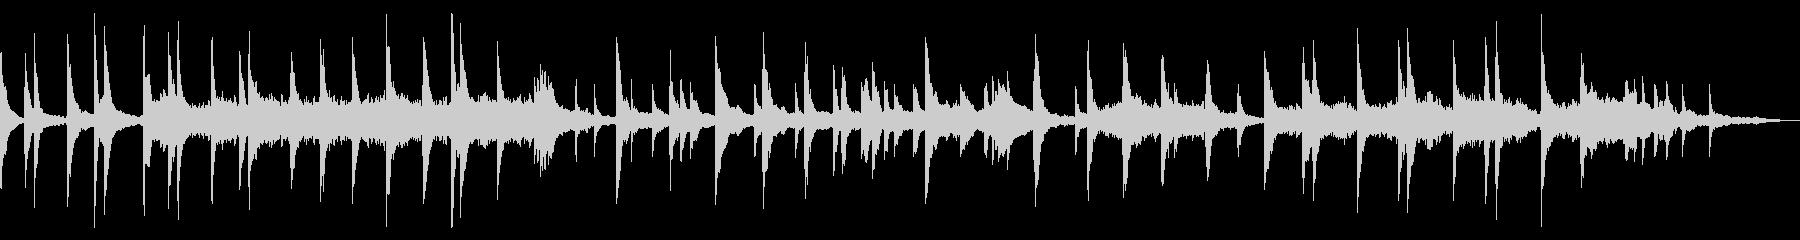 映像・ナレーション用ピアノ演奏(別れ)の未再生の波形
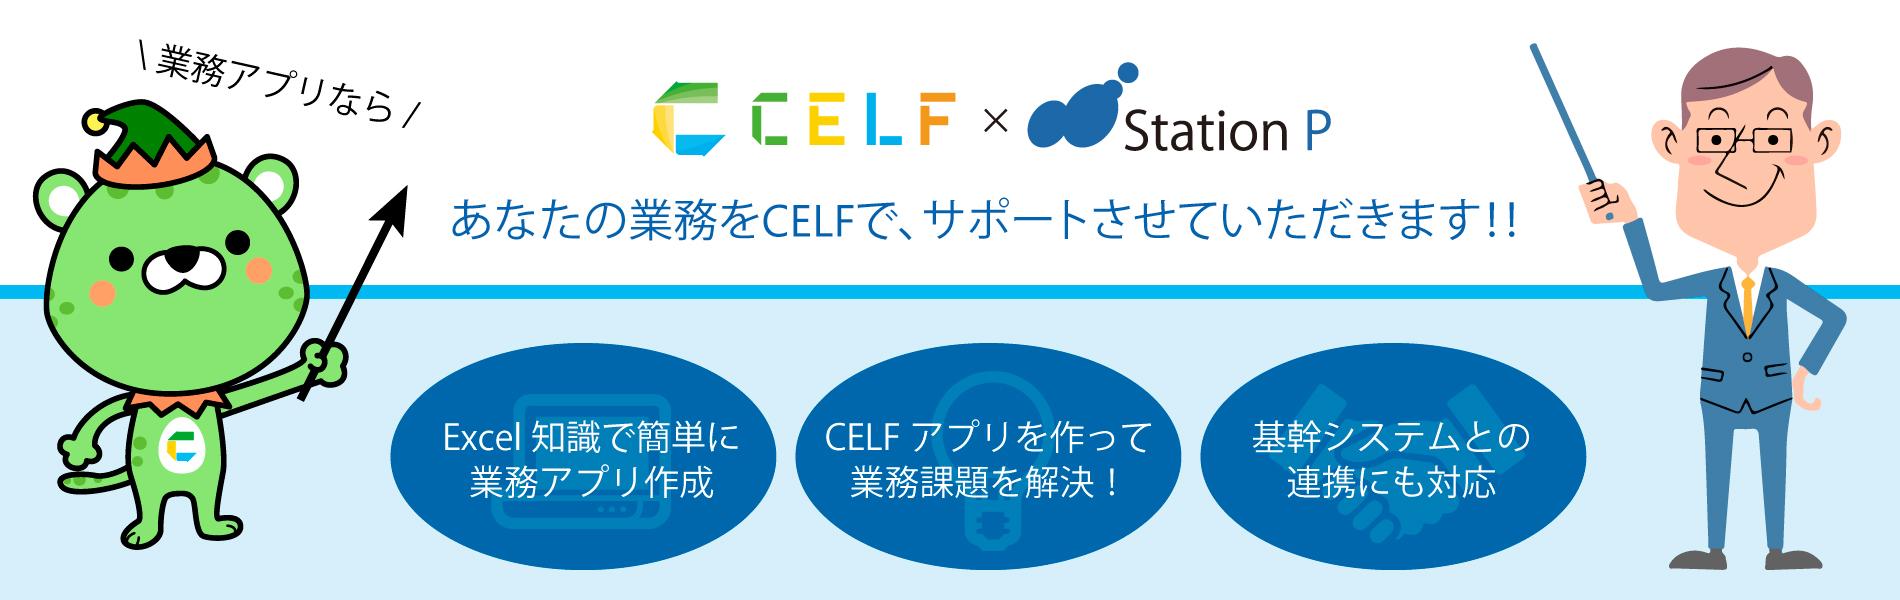 あなたの業務をCELFで、サポートさせていただきます!!
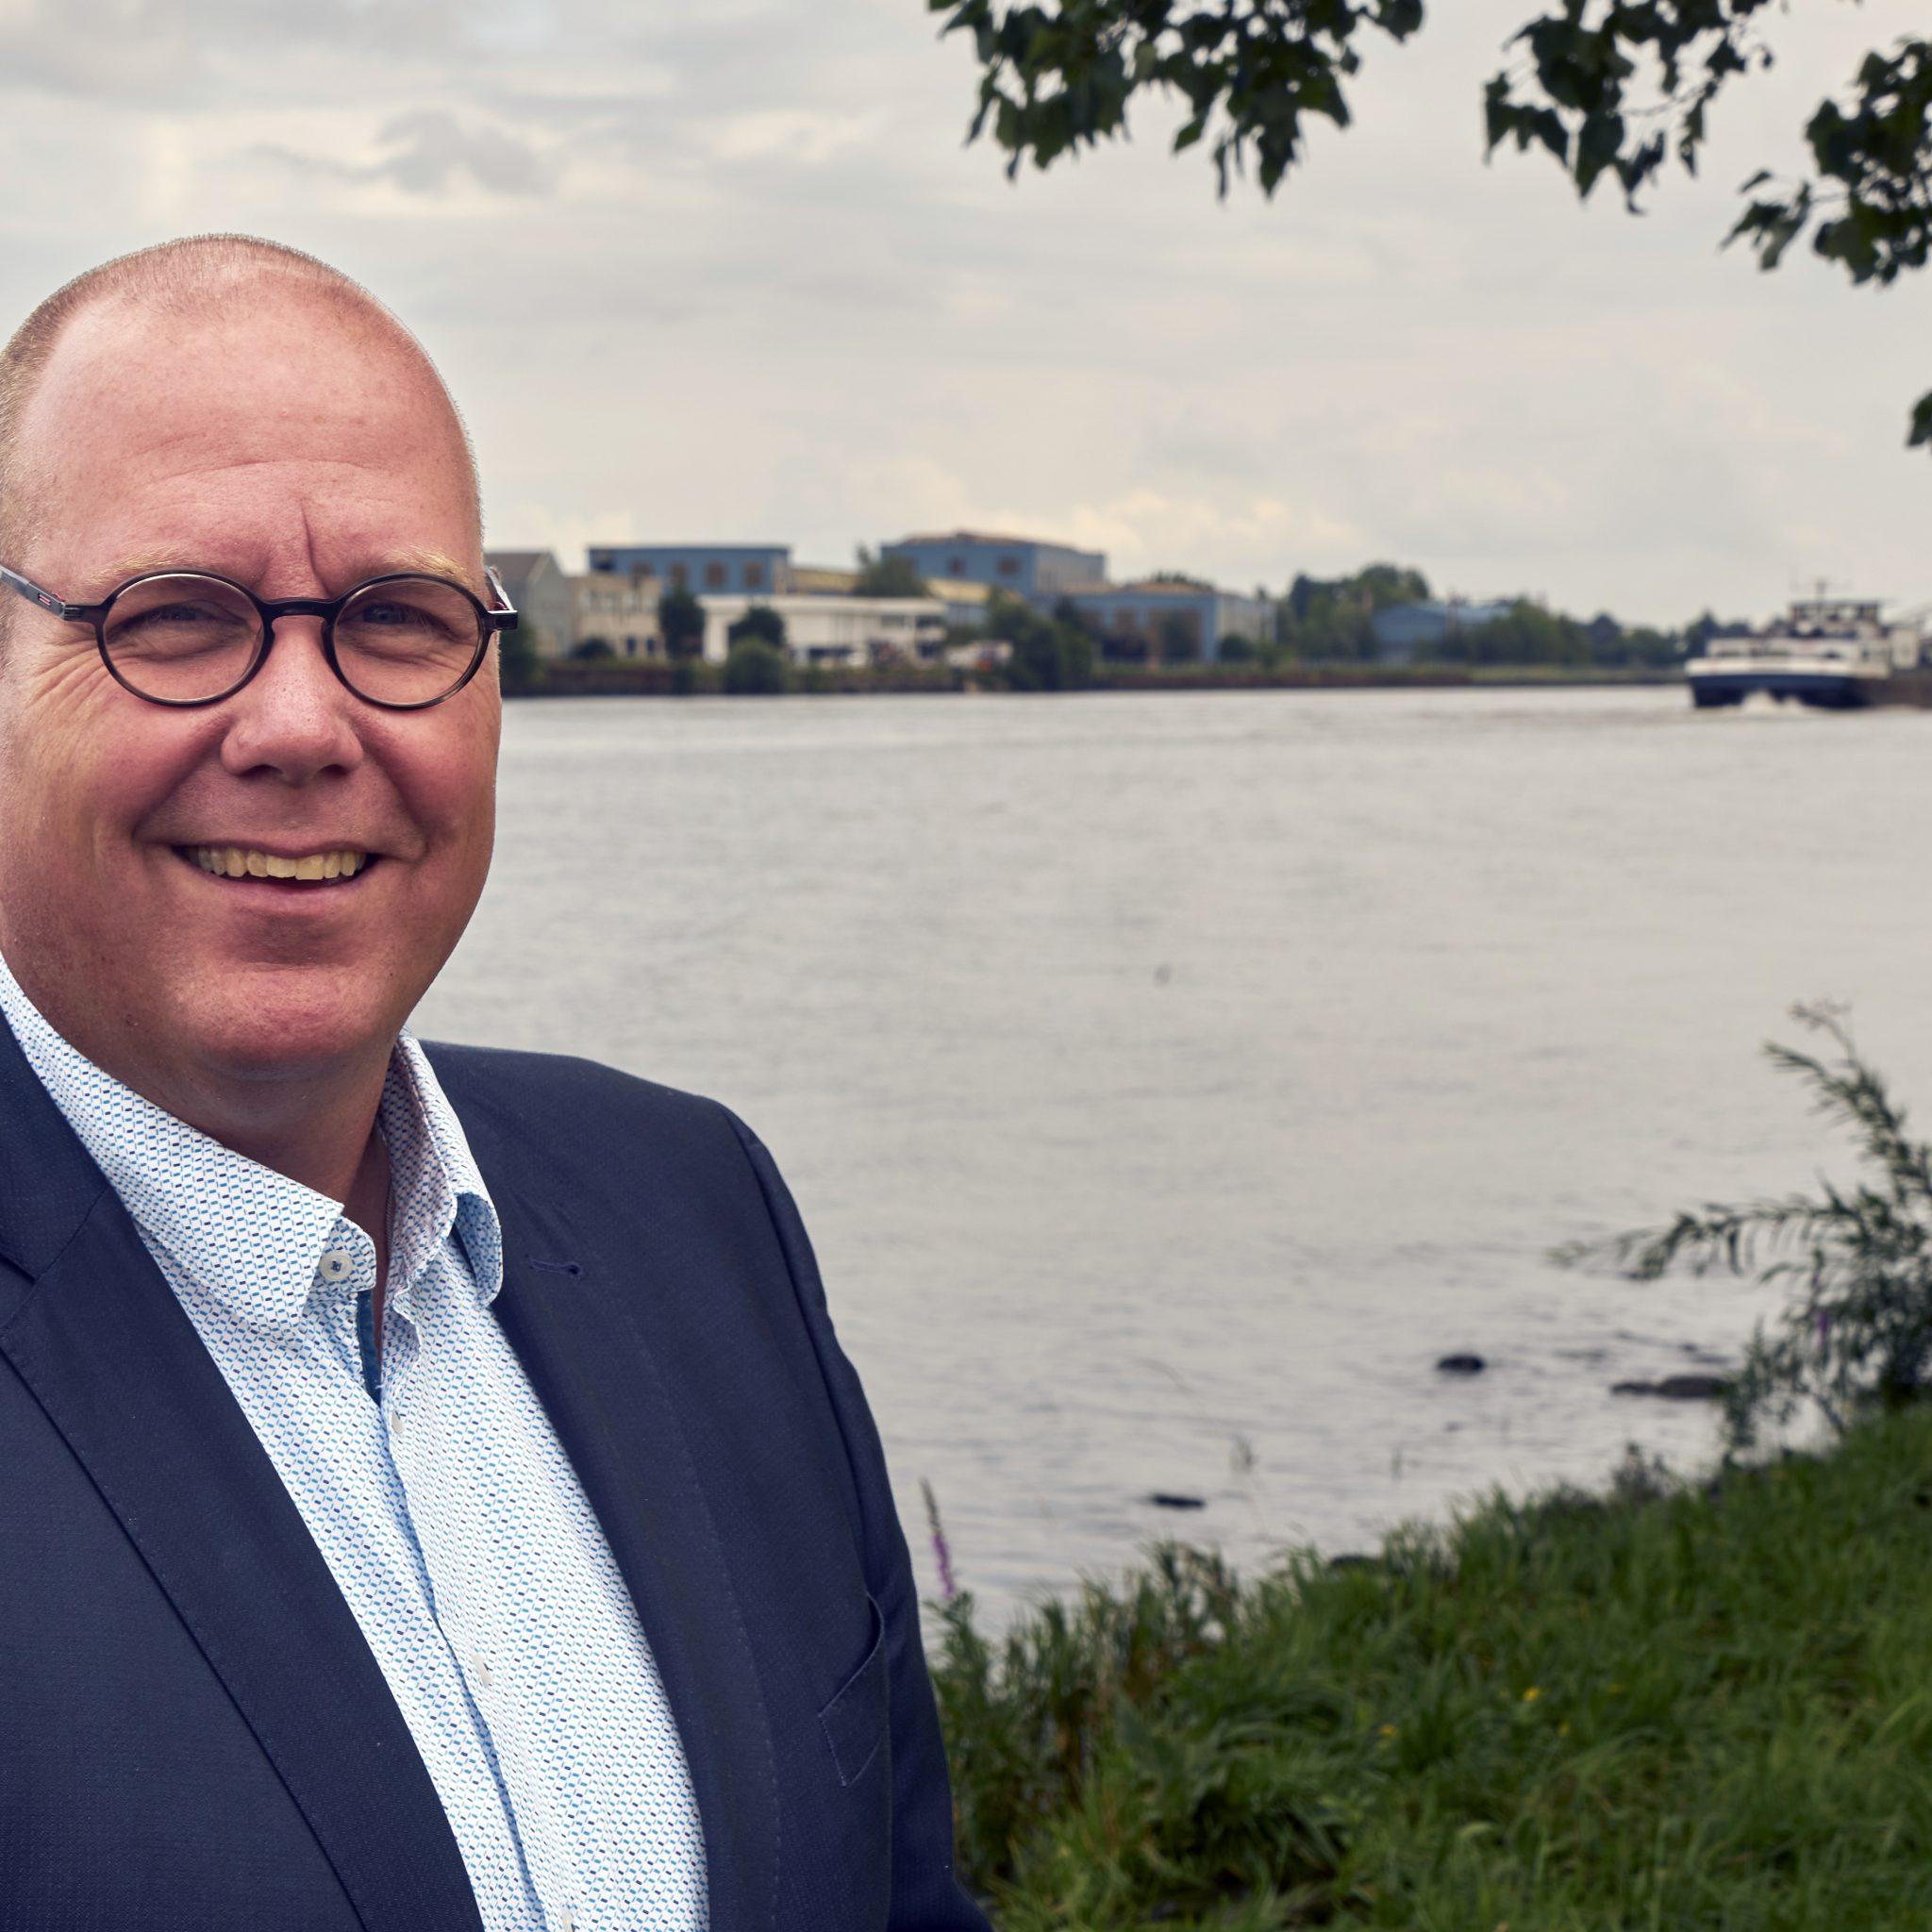 De nieuwe directeur van Mercy Ships Holland, Martijn Provily. 'Mercy Ships is voor mij hét voorbeeld van onbaatzuchtige naastenliefde.' (Foto Mercy Ships)

■ Instructions for the task:
Print the entire listing precisely as written, omitting the images it holds.

■ Written response:
 映像・ナレーション用ピアノ演奏(別れ)の未再生の波形
 あなたの業務をCELFで、サポートさせていただきます!!
 De nieuwe directeur van Mercy Ships Holland, Martijn Provily. 'Mercy Ships is voor mij hét voorbeeld van onbaatzuchtige naastenliefde.' (Foto Mercy Ships)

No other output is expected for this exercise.